A dining area at Casa Brera with curvy, modern orange chairs and wood floor and walls

Casa Brera, a Luxury Collection Hotel, is in Milan’s Brera neighborhood.

Courtesy of Casa Brera, a Luxury Collection Hotel

How did the rationalist architecture of Casa Brera inform your design for the hotel?

From the very beginning, the project was guided by the desire to respect and reinterpret Lingeri’s rationalist architecture, which is so embedded in the image of 1950s Milan. The rhythm and coherence of the facades influenced the development of the interior spaces. The rationalist aesthetic is echoed in the geometric details that define the interiors and in the use of marbles, especially Italian granite, which references the building’s facade and becomes an important design element. The geometric patterns on the walls and ceilings further emphasize this rationalist legacy. It serves as a leitmotif that connects all areas of the project.

Milan is such a design-forward city. Did you find that context pushed you creatively in any interesting ways?

Milan is a city defined by design and craftsmanship, and my intention was to capture this essence within Casa Brera. The space features a blend of iconic pieces from IMAESTRI [an Italian designer furniture marketplace] alongside more contemporary works. It’s where history and modernity converge. From the [Etereo] terrace, you see all of Milan—its rooftops, the Duomo, the elegance of the city unfolding around you.

Casa Brera's outdoor pool, with views of Milan

Casa Brera’s rooftop pool serves up cocktails and city views.

Courtesy of Casa Brera

How has hotel design evolved since the beginning of your career?

When I first approached hotel design, many interiors felt anonymous and often detached from the local culture or the emotional experience of the guest. The priorities were efficiency, repetition, and branding, with less attention to how people feel within the space. But design evolves, just like the way we live and travel evolves.

Today, guests seek something much more personal. It’s about blending hospitality with well-being, flexibility, and sustainability. Guests might work in the lounge, meditate in their room, or connect with others in a shared space. So, our role as designers is to anticipate these possibilities. For me, a hotel is a place that embraces the guest, that adapts to rhythms rather than imposing them.

We’d love for you to share your favorite spots in Milan. What’s your favorite café?

Pasticceria Sissi is my favorite breakfast spot. Both the coffee and the small pastries and cakes are exceptional. Their small, simple garden is wonderful.

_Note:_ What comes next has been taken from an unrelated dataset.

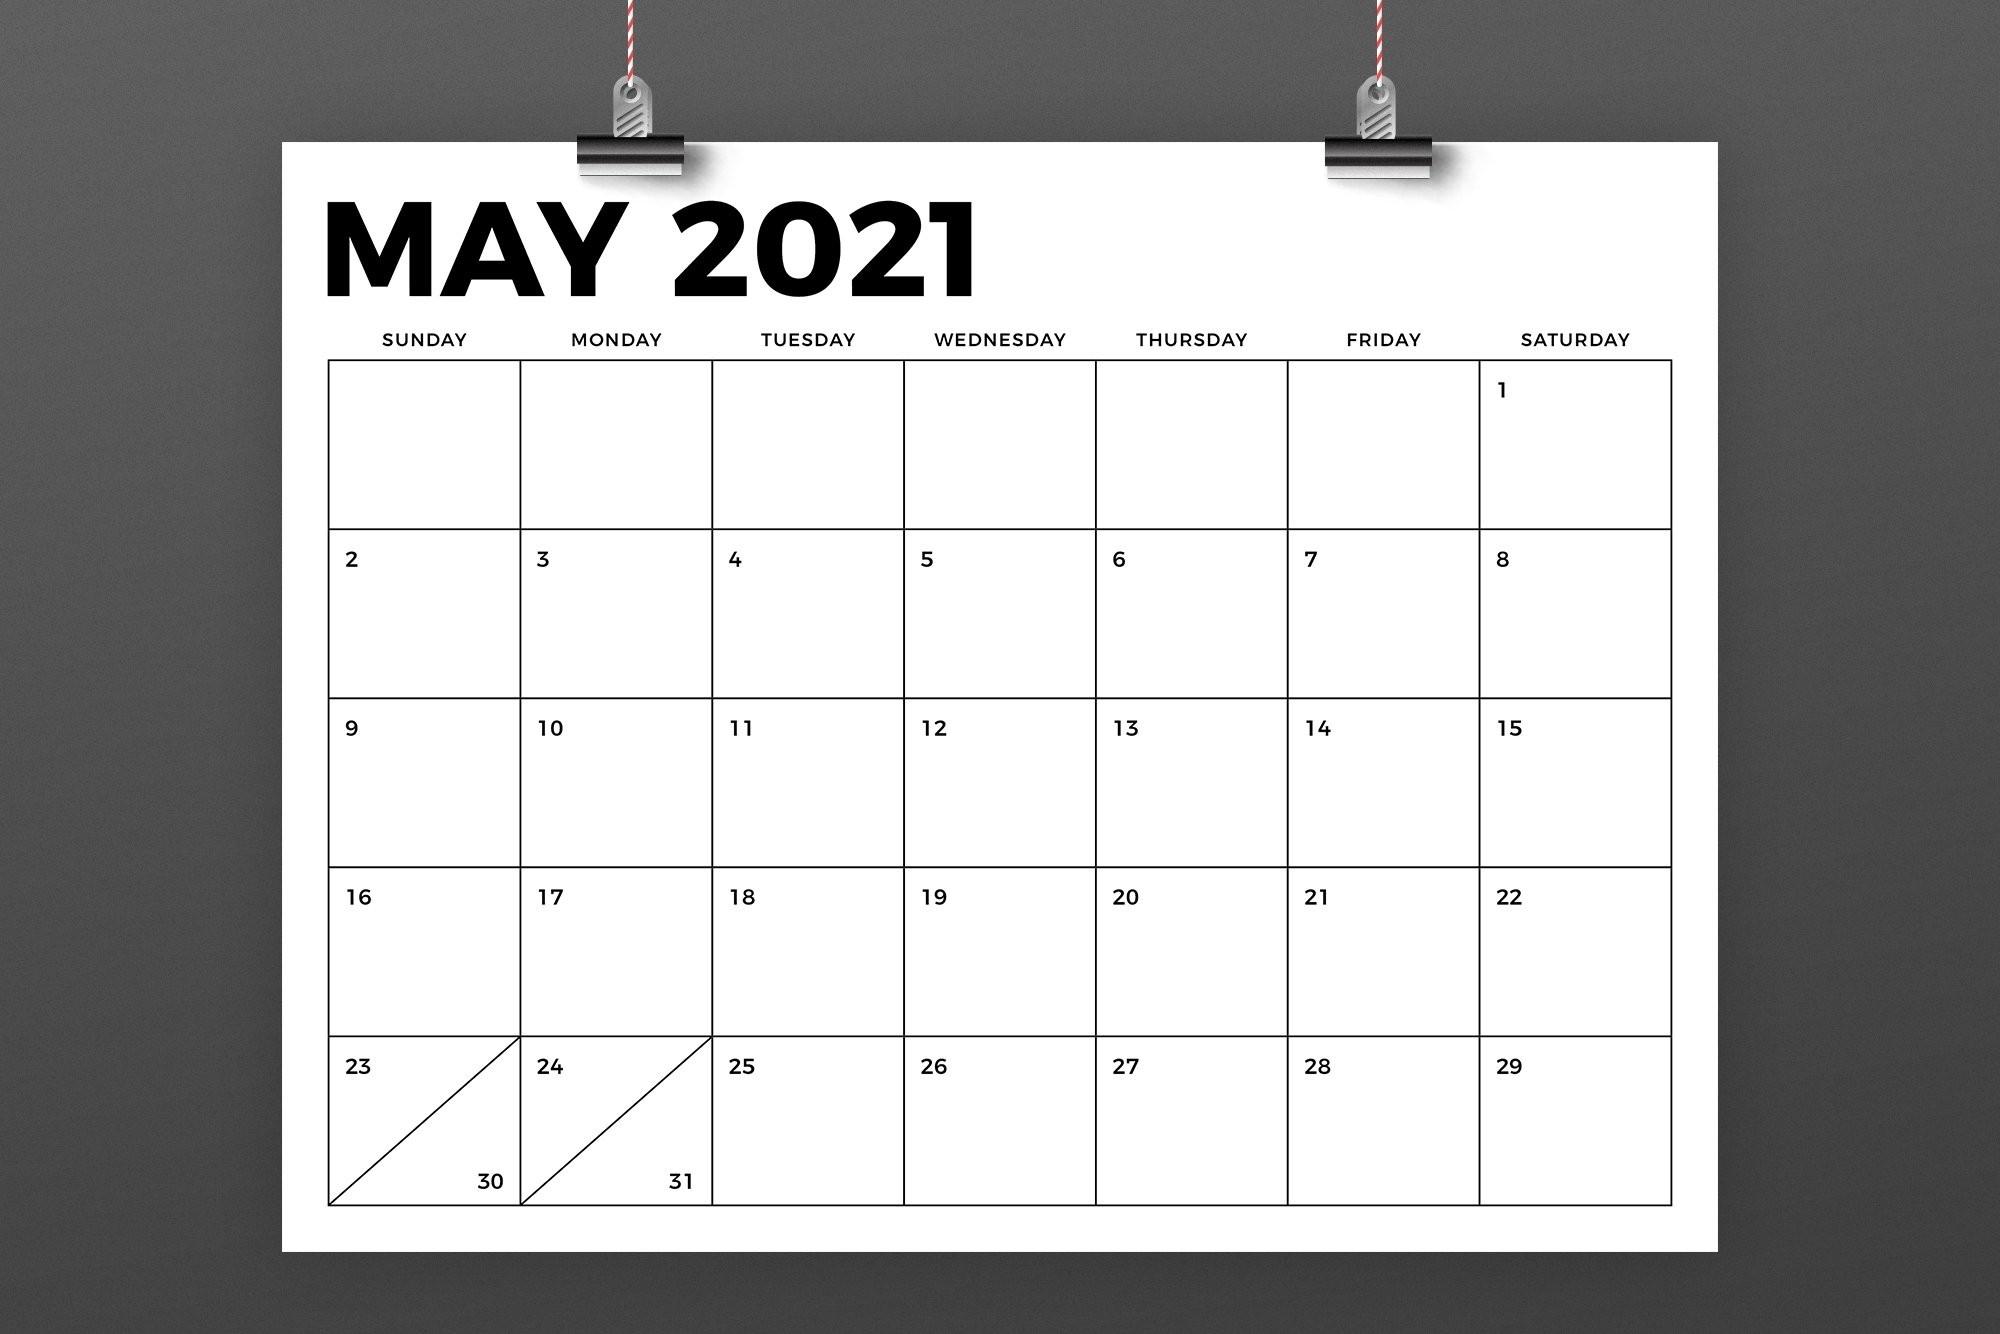 8.5 X 11 Inch Bold 2021 Calendar (438443) | Flyers | Design Bundles-Printable October 2021 Calendar On An 8.5 X 11Paper

Bar Basso with server standing in doorway to outside (L); overhead view of small round table with small plates of food and drinks (R)

Bar Basso in Milan

Photo by Federico Ciamei

Where do you go for great food and drinks?

Bao House, a micro-size Taiwanese restaurant that I adore. I always get their classic bao. Poporoya was the first Japanese restaurant to open in Milan, on Via Eustachi, and it’s authentic and unpretentious. And my go-to spot for aperitivo—especially during Milan Design Week—is Bar Basso. It’s an integral part of the neighborhood’s charm.

What are the neighborhood shops you frequent?

Books Import on Via Maiocchi is a great spot for international books. And Civico Nove on Via Eustachi is a clothing store I like.

What are the in-the-know cultural things you do with friends or family who visit you?

Studio House Turi Simeti is the studio house where the [Italian] artist Turi Simeti lived and worked for more than 30 years and has been our neighbor for seven years in our second studio location. Also, Fondazione Achille Castiglioni, the architect’s studio from 1962 until 2002. He was my mentor, and I had the honor to do my final thesis with him and be his assistant at the Milan Polytechnic.

Another one of my favorite places in this area is Casa Museo Boschi di Stefano, which displays a once-private collection of 20th-century Italian art in the owners’ art deco apartment, in a building designed by Piero Portaluppi in the 1920s. [The Italian ceramic artist] Marieda Boschi di Stefano was related to designer [and architect] Alessandro Mendini, who used to visit the house.

Kathryn Romeyn is a Bali-based journalist and devoted explorer of culture, nature, and design, especially throughout Asia and Africa—always with her toddler in tow.